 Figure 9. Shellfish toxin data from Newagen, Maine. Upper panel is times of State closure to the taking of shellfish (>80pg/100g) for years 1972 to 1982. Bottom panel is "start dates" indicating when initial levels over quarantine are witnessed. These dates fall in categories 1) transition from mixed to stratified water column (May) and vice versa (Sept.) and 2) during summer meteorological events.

::::

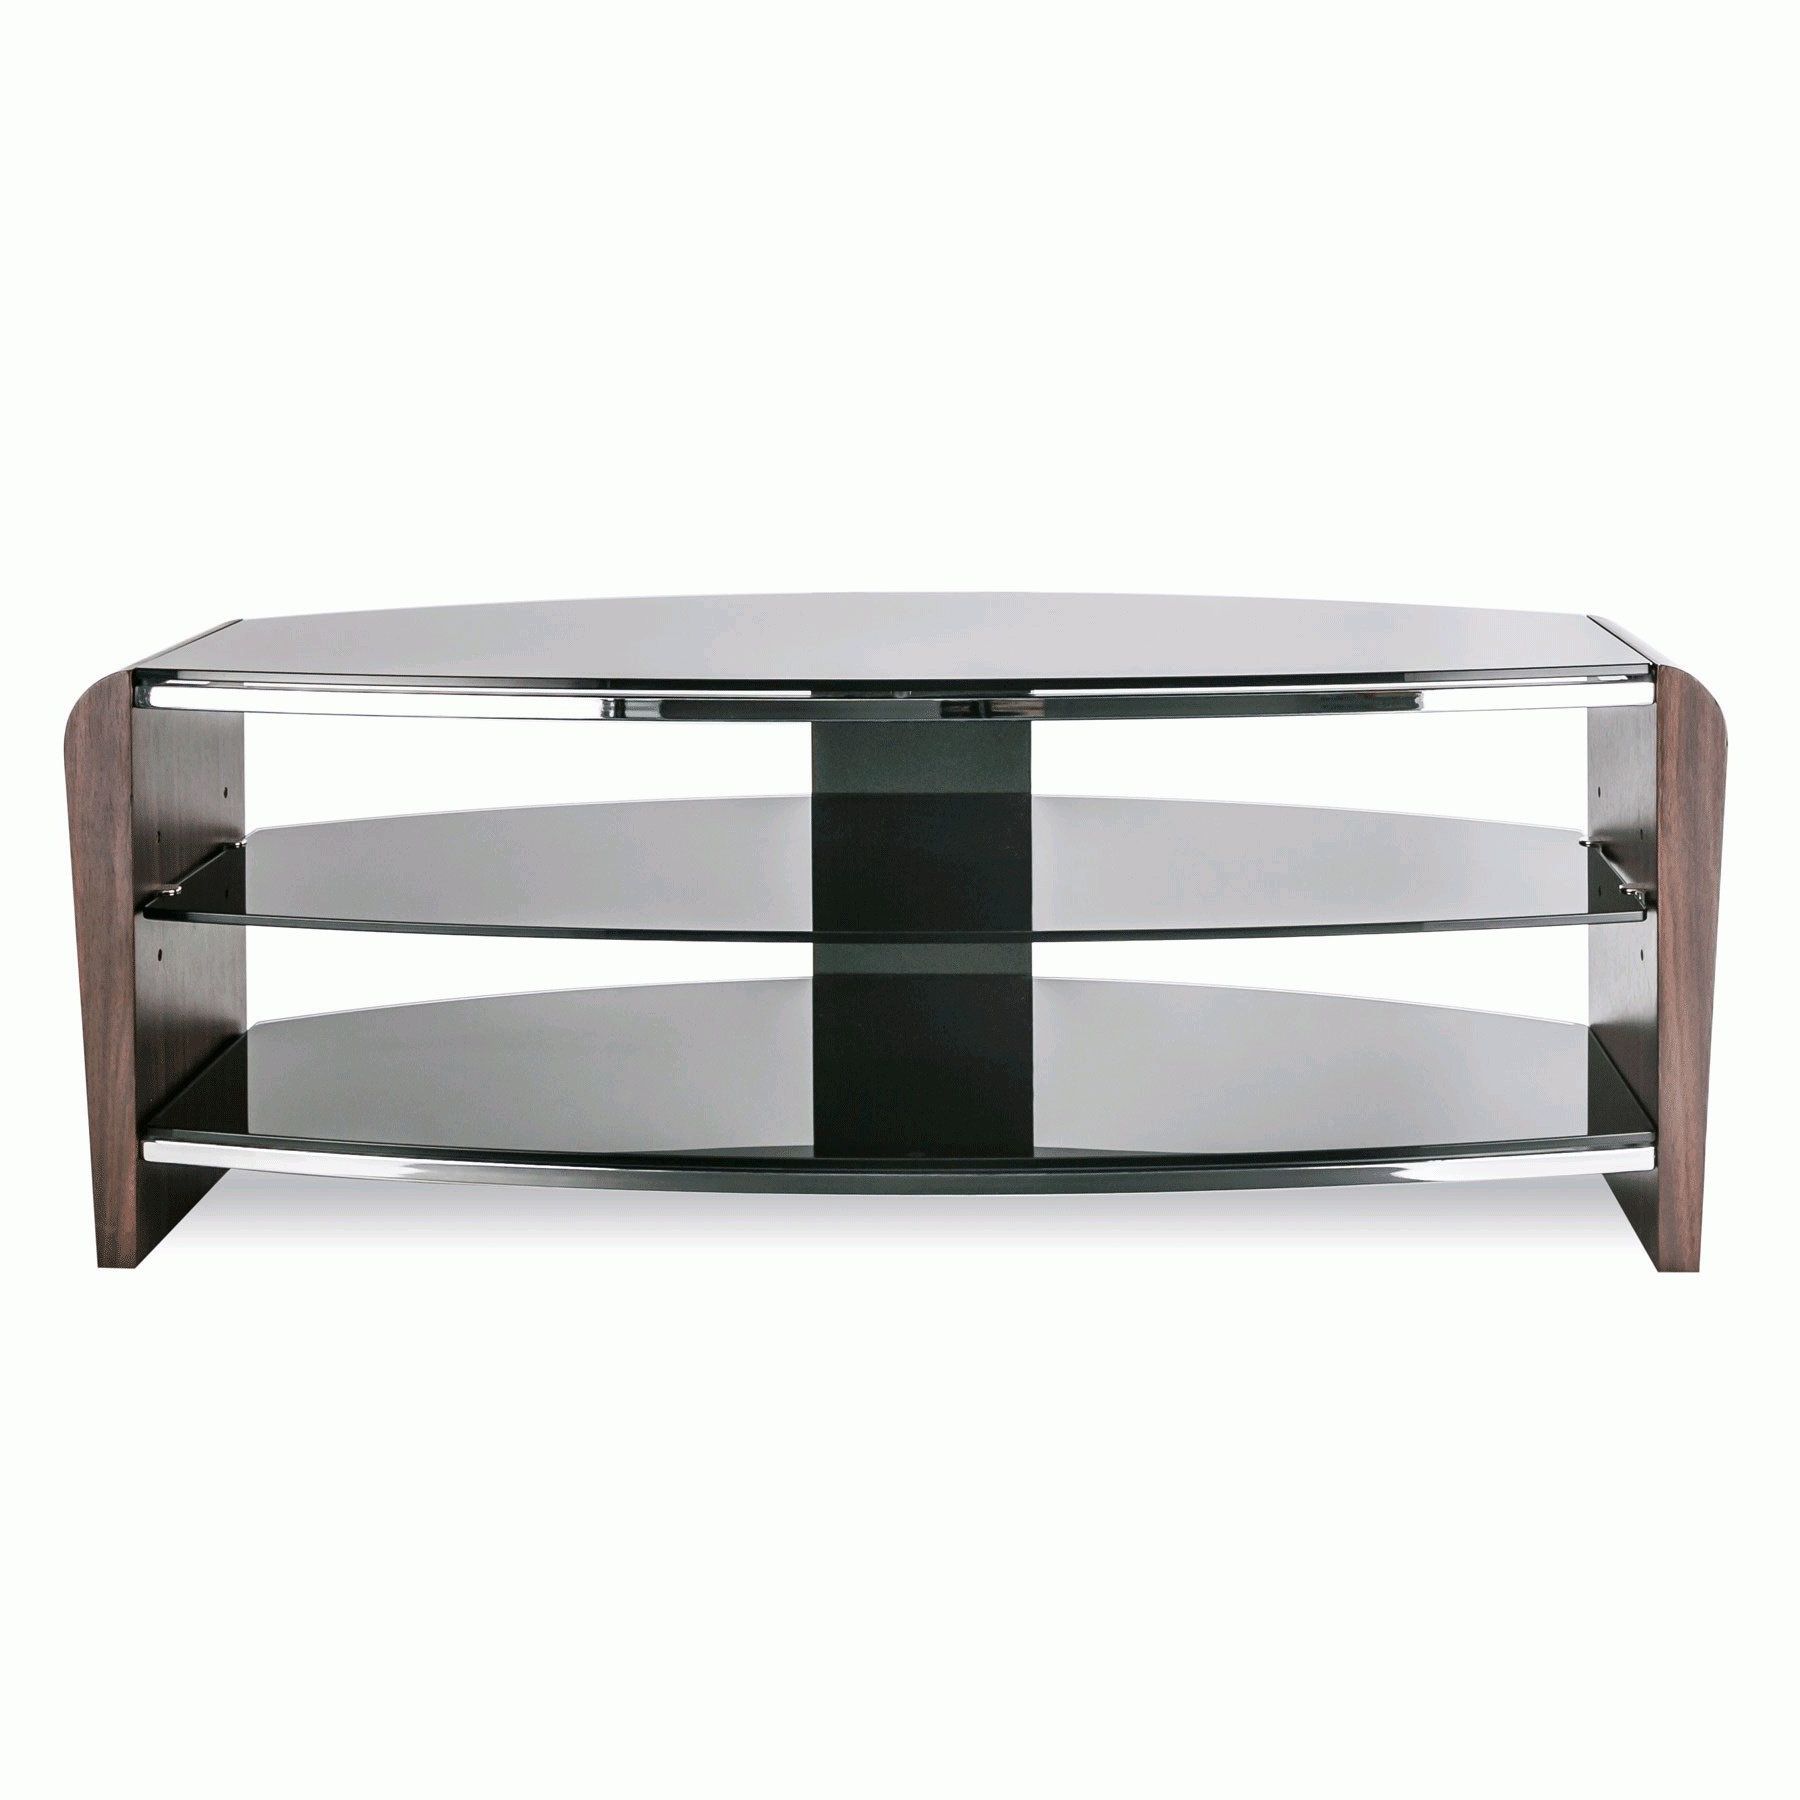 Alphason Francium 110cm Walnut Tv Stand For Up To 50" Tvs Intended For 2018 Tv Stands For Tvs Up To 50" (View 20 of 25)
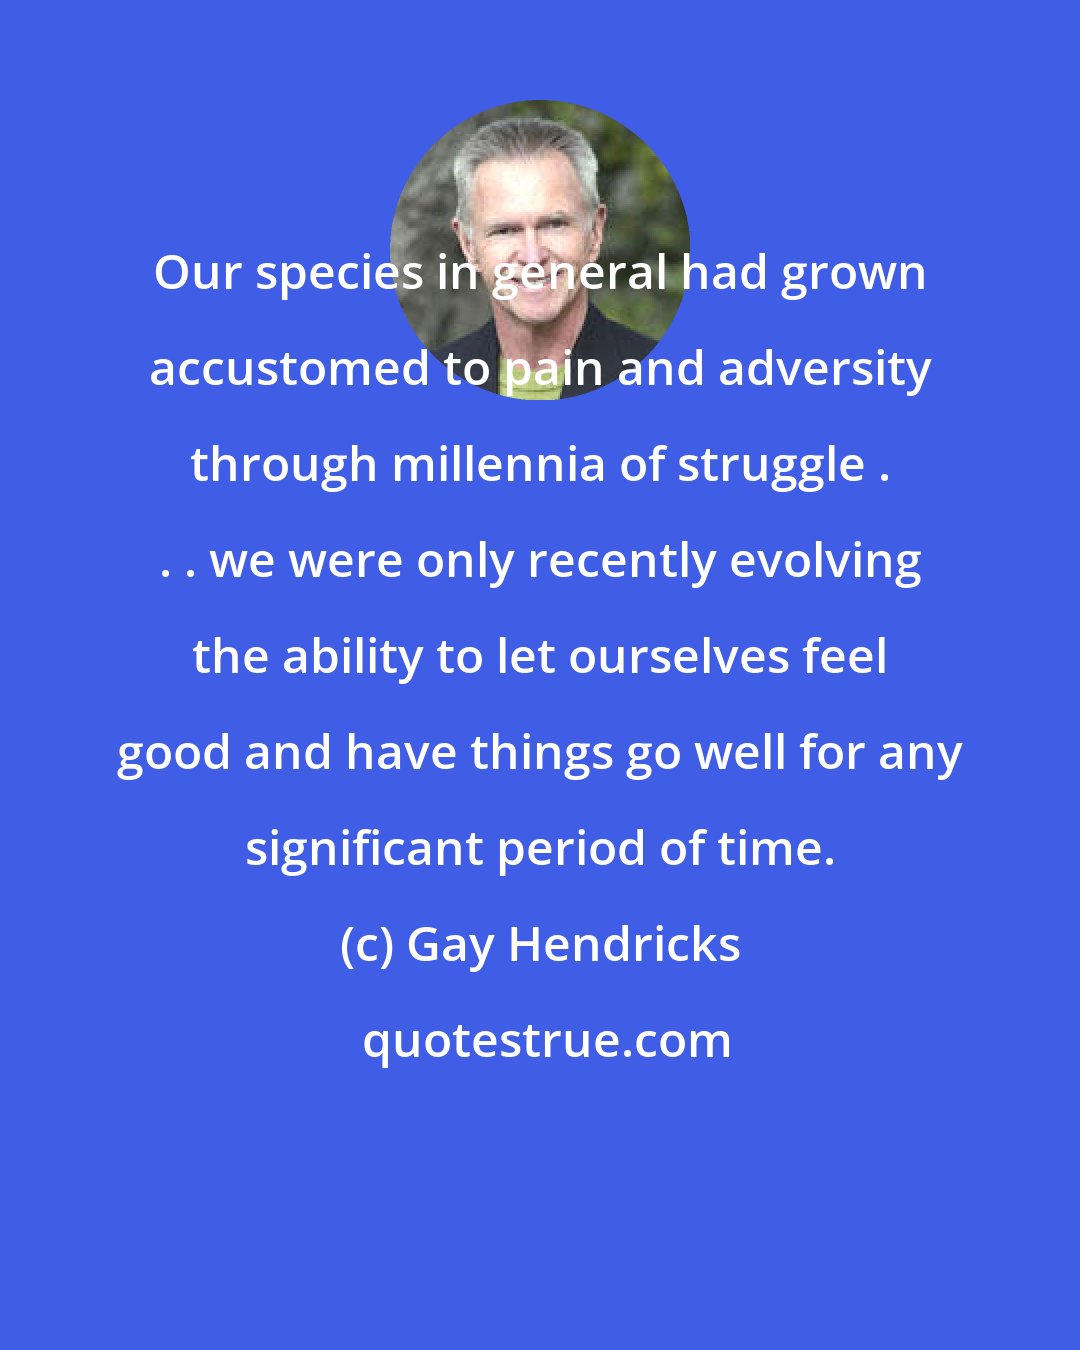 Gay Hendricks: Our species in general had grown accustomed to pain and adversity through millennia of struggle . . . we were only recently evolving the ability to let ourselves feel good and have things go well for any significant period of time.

::::

With pictures omitted, repeat the entries above word for word from the line holding "Alphason Francium 110cm" down to the line holding "Gay Hendricks: Our", keeping both of those lines.

Answer section:
 Alphason Francium 110cm Walnut Tv Stand For Up To 50" Tvs Intended For 2018 Tv Stands For Tvs Up To 50" (View 20 of 25)
 Gay Hendricks: Our species in general had grown accustomed to pain and adversity through millennia of struggle . . . we were only recently evolving the ability to let ourselves feel good and have things go well for any significant period of time.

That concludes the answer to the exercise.